2 x 320GB SATA2 (Quantum 6V320F0)

nVidia GeForce 6800

The SN45Gv3 motherboard is an nforce2. I'm not using the onboard NVRaid.

Running Windows Server 2003 R2 (v5.2.3790) as my desktop OS (though not used any of the 'conversion' tools, just turned off the bits I don't need manually).

So, basics done, the machine reboots randomly. There doesn't seem to be any reason why. Event logs don't seem to know anything about it, the first they know is after a reboot when I see a "previous shutdown at xx was unexpected" message.

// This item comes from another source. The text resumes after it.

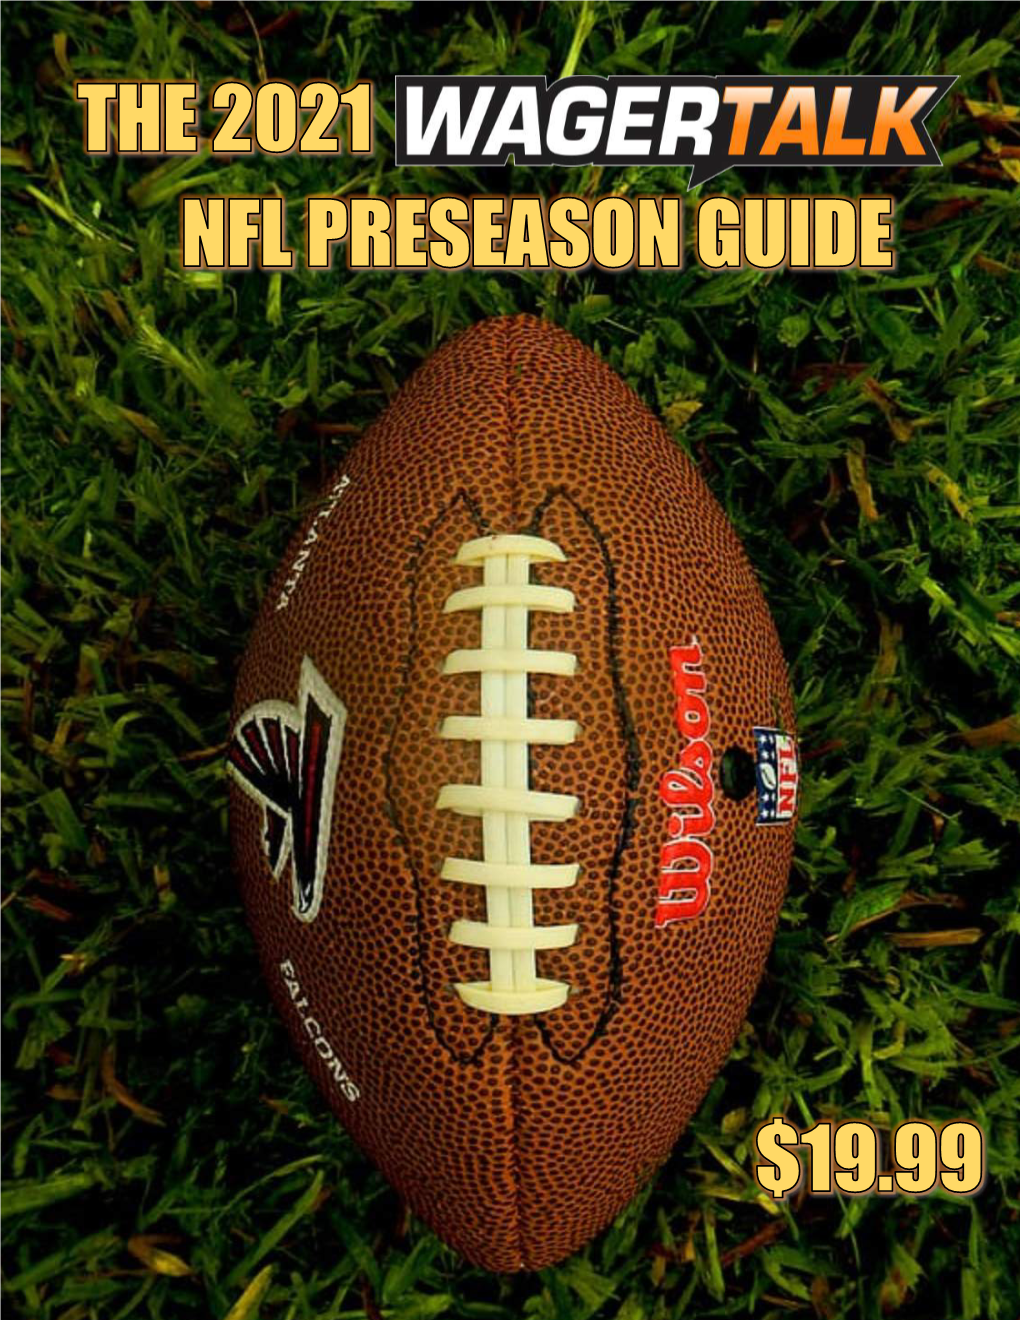 Get Your Free Preseason Guide Here

I've just set the machine to not reboot automatically so I'll post BSOD when they appear.

I've run memtest and MS' memory diag tool without any problems.

Basically I'm at a bit of a loss where to look next. I've reinstalled Windows not too long ago and it's made no difference, so I don't think it's a corrupt dll or similar.

Any help greatly appreciated, Cheers

Duncan

Link to comment
Share on other sites


Hi there, thanks for the quick response.

Temp is fine I think - it's worked happily in the past with IDE drives running XP-Pro with the graphics card overclocked (so more heat). Just d/led MBM5 and it's showing Case 52C, CPU 44.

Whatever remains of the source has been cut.